What to produce:
Return exactly the span of lines in the following data that opens with the line containing "An employee working" and closes with the line containing "Article of Aster Gardens in a newspaper". Include nothing else.

Extracted information:
+++

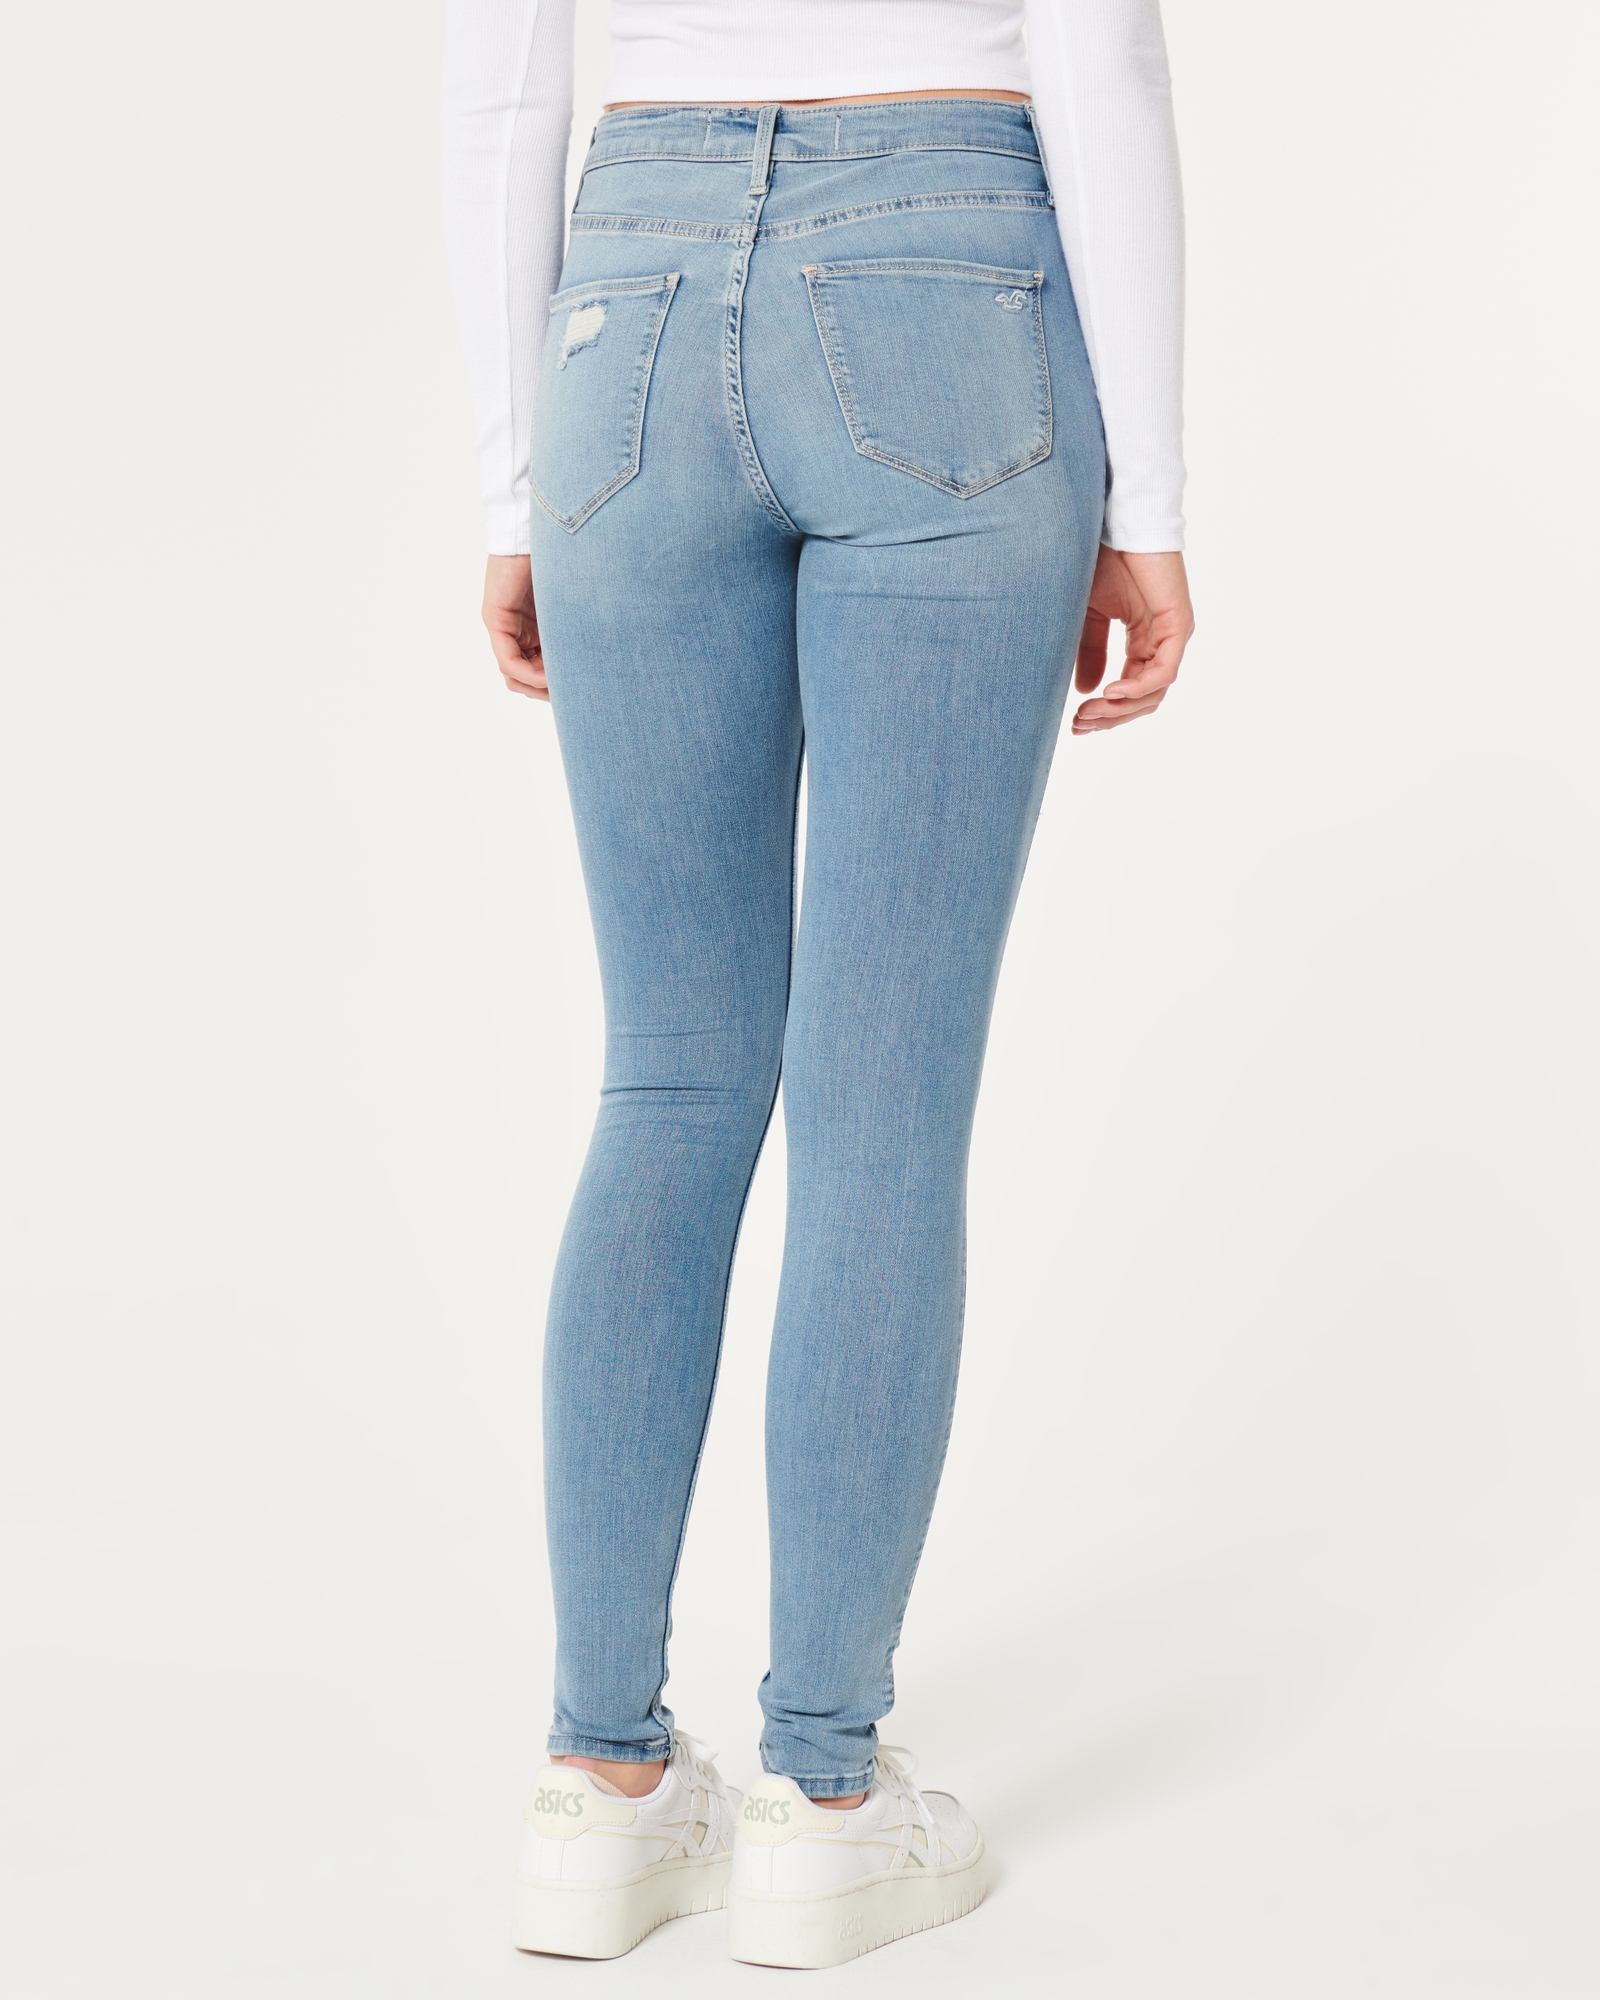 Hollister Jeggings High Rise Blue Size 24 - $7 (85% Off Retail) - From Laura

+++

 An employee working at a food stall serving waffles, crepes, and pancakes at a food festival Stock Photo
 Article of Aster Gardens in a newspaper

+++

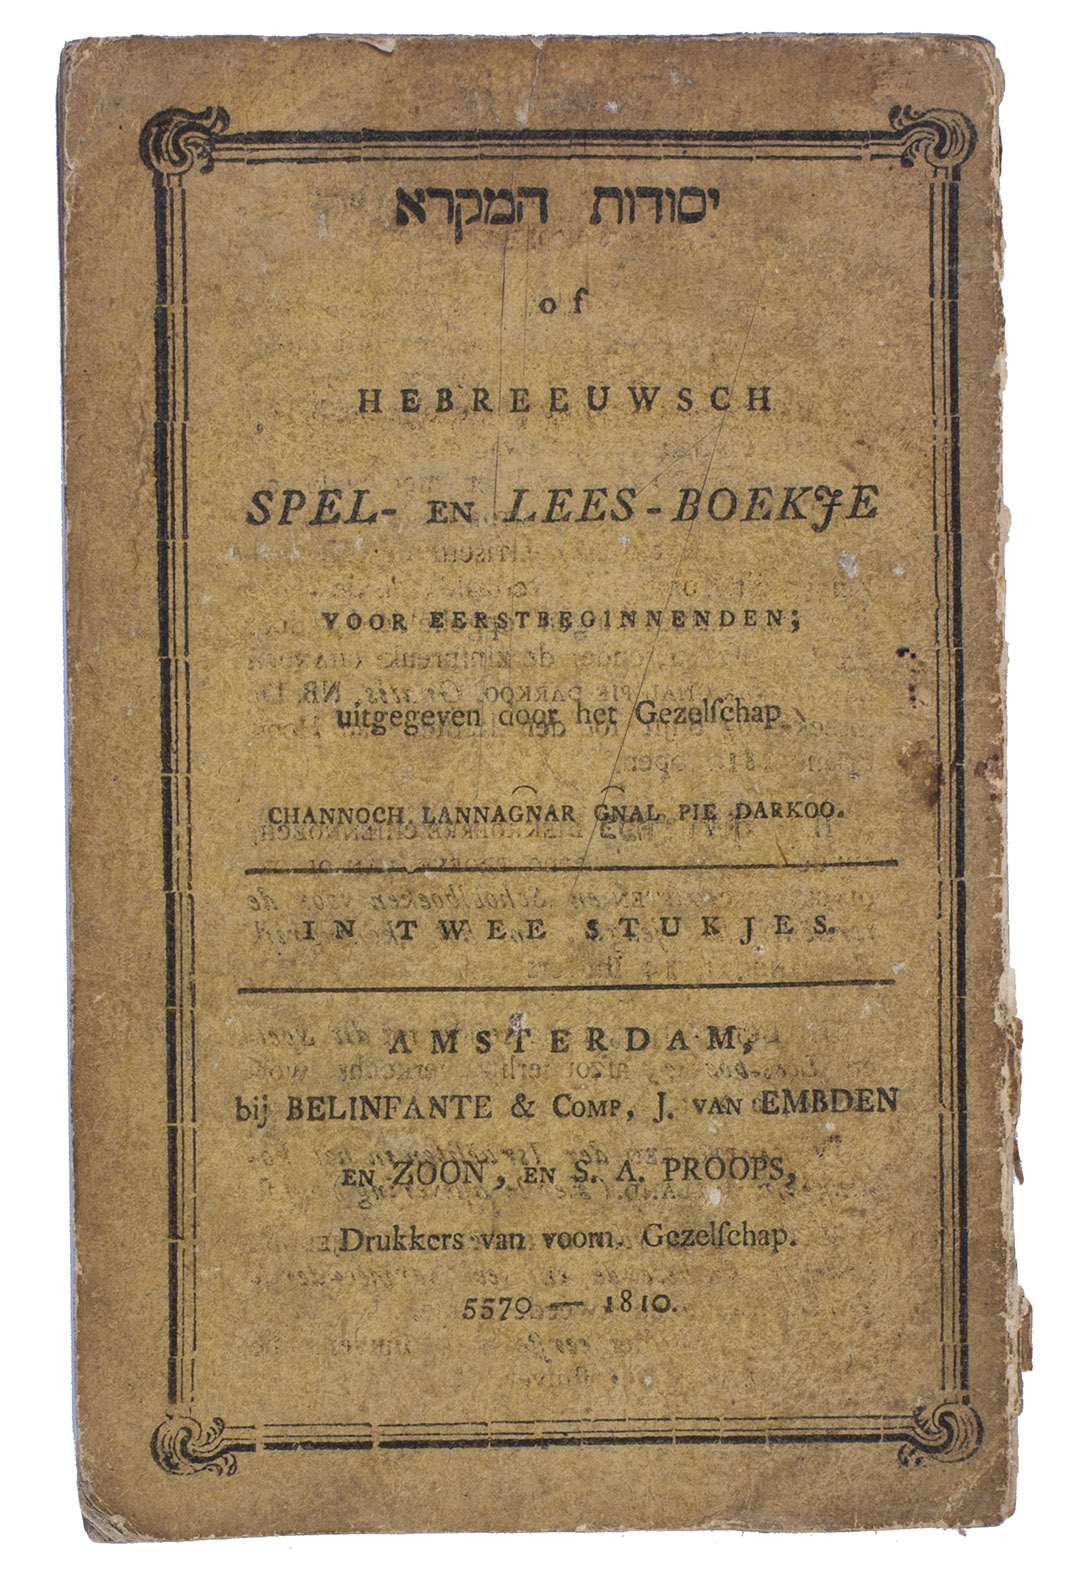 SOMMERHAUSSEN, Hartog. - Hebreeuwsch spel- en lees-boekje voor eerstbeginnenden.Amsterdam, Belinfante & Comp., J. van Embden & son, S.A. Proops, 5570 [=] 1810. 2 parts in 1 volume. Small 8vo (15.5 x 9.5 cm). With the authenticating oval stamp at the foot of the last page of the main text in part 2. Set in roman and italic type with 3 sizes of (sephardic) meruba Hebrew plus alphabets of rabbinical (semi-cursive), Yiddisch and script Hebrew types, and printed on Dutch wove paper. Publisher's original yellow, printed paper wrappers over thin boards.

+++

Finished task:
 An employee working at a food stall serving waffles, crepes, and pancakes at a food festival Stock Photo
 Article of Aster Gardens in a newspaper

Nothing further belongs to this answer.